Tuesday, Feb. 20, 2018 | 7:20 p.m.
Less than three days after Joshua Emmanuel Castellon went to a Las Vegas gun store to pick up a Taurus .357 revolver he'd illegally purchased online for $388, he randomly targeted his first victim, according to authorities.
By sunrise on Jan. 29, Castellon, 26, had also opened fire on two homeless men at different locations. Four days later, it happened again.
And by the end of the crime spree, Brian Wayne Clegg, 51, and James Edgar Lewis, 64, were dead, and two other men — one who was homeless — had survived gunshot wounds.
Today, Metro Police announced that Castellon was arrested Friday, noting that he's no longer a danger to the vulnerable population he’d allegedly been targeting, which sent the community and police into high alert.
A possible motive for the shootings has not been determined, but police and federal court records released Tuesday outlined how the investigation was pieced together through ballistic analysis, an anonymous tipster, surveillance images, officer interactions with the suspect and purchase records.
Castellon is in federal custody — arrested by the Bureau of Alcohol, Tobacco, Firearms and Explosives — and charged with one count of illegal acquisition of the firearm connected to the shootings. Metro investigators are waiting to book him on two counts each of murder and attempted murder.
The onslaught began about 12:30 a.m. Jan. 29 at a Logandale gas station. A man who was cleaning a car wash was asked for directions by a man in a small SUV, authorities said. When he turned around, he heard two gunshots, and after running away, he realized he'd been shot in the arm.
In their investigation, Metro later placed Castellon and his Hyundai SUV near Logandale around the time of the shooting, through a license plate check by an officer in the area, Metro Lt. Dan McGrath said.

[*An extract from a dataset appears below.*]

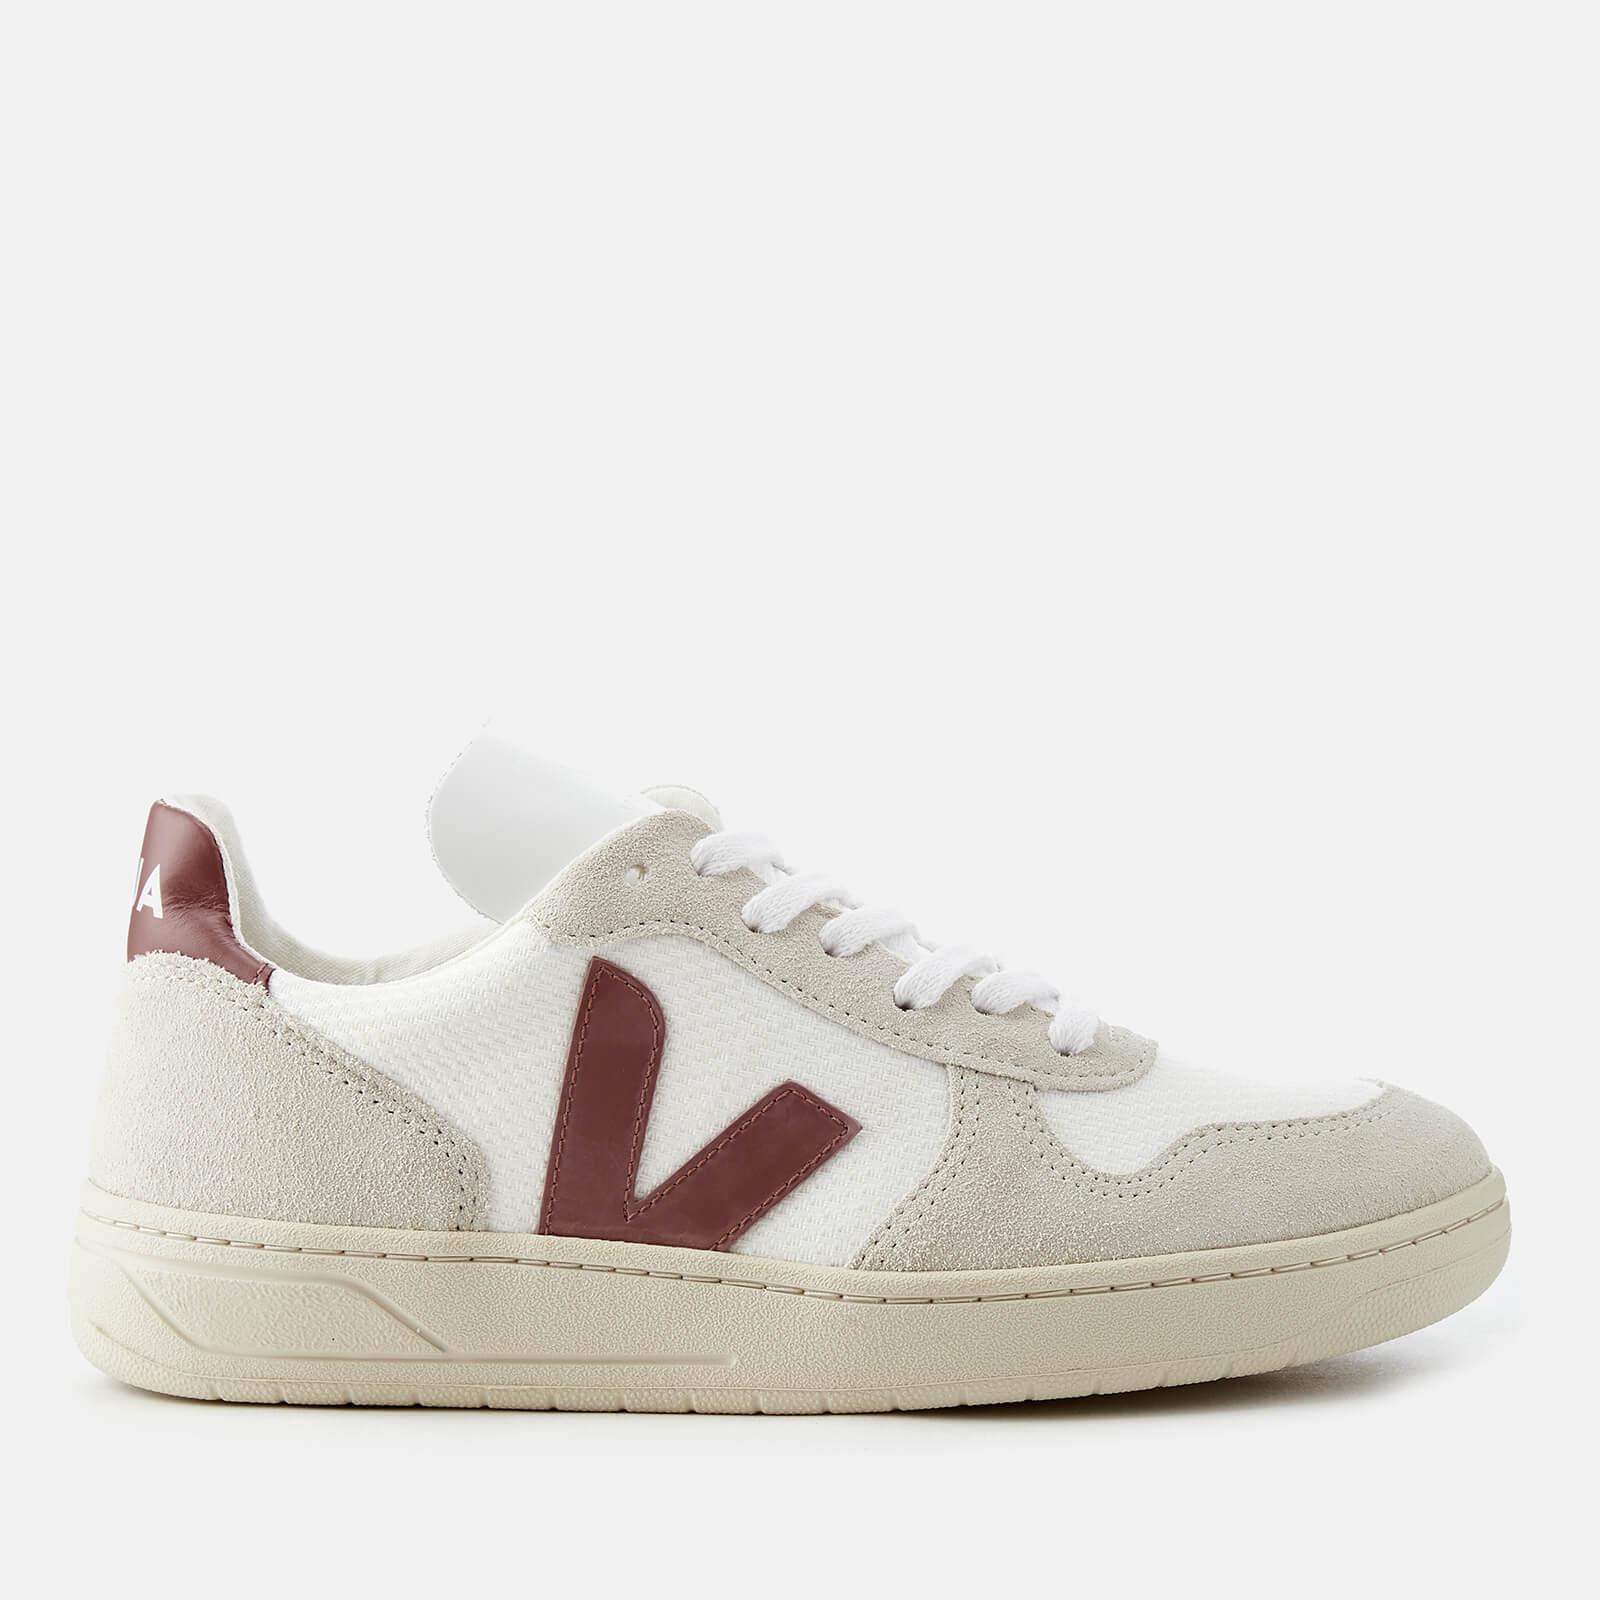 V10 B-Mesh Trainers - White/Dried Petal

About 3 a.m. that same day, Clegg was found shot to death in the 2900 block of West Washington Street, where he had been sleeping in front of a swap meet, police said. Surveillance images captured what appeared to be the same SUV from the earlier shooting.
About four hours later, a homeless man reported being injured near Veterans Memorial Drive and Washington Avenue, authorities said. Due to being drunk, he hadn't realized he'd been shot, and an X-ray displayed a bullet lodged in his neck.
Police learned the shooting likely occurred about 3:45 a.m.
On Feb. 2, surveillance images captured the gunman driving to the area of 14th Street and U.S. 95, getting out of his SUV, approaching a sleeping Lewis and opening fire.
Metro later that day announced that Lewis' death might have been connected to at least two other shootings.
Four days later on Feb. 6, Metro Capt. Robert Plummer said four shootings were connected and released clearer images of the suspected gunman, noting that he legally wasn't considered a serial killer, but could have well been on his way to becoming one.
Two days later, about 5:45 a.m., a graveyard Metro patrol officer spotted Castellon sleeping outside his sister's apartment complex near Washington Avenue and Rainbow Boulevard inside his SUV, authorities said. He told the officer that he was a Lyft driver and was too tired to go inside.
A representative for the ride-sharing app did not respond Tuesday night to a comment request.
The investigation into Castellon ramped up the following days. Through his estranged wife and purchasing records, they found out that he'd bought a revolver, which he'd picked up on Jan. 26, authorities said. “Once we focused on this individual and got these multiple pieces of information, then everything started coming together,” Metro Lt. Dan McGrath said.
McGrath said that investigators learned Castellon had recently faced a domestic-violence-related charge and that there had been a breakup, prompting him to stay with family and friends and sleep in his SUV.
The ballistic analysis determined that the gunshots likely came from the same revolver, and his clothes and vehicle matched that of the suspect captured on video, authorities said.
Castellon's federal charge stemmed from him telling investigators that he'd bought the gun, which hasn't been recovered, to sell to "a friend of a friend," something he misrepresented in the ATF application, according to court documents.
The investigation was "a combination of patrol work and investigative work,” to include homicide detectives, the FBI and ATF, McGrath said. It was "significant amount of work. A lot of hours."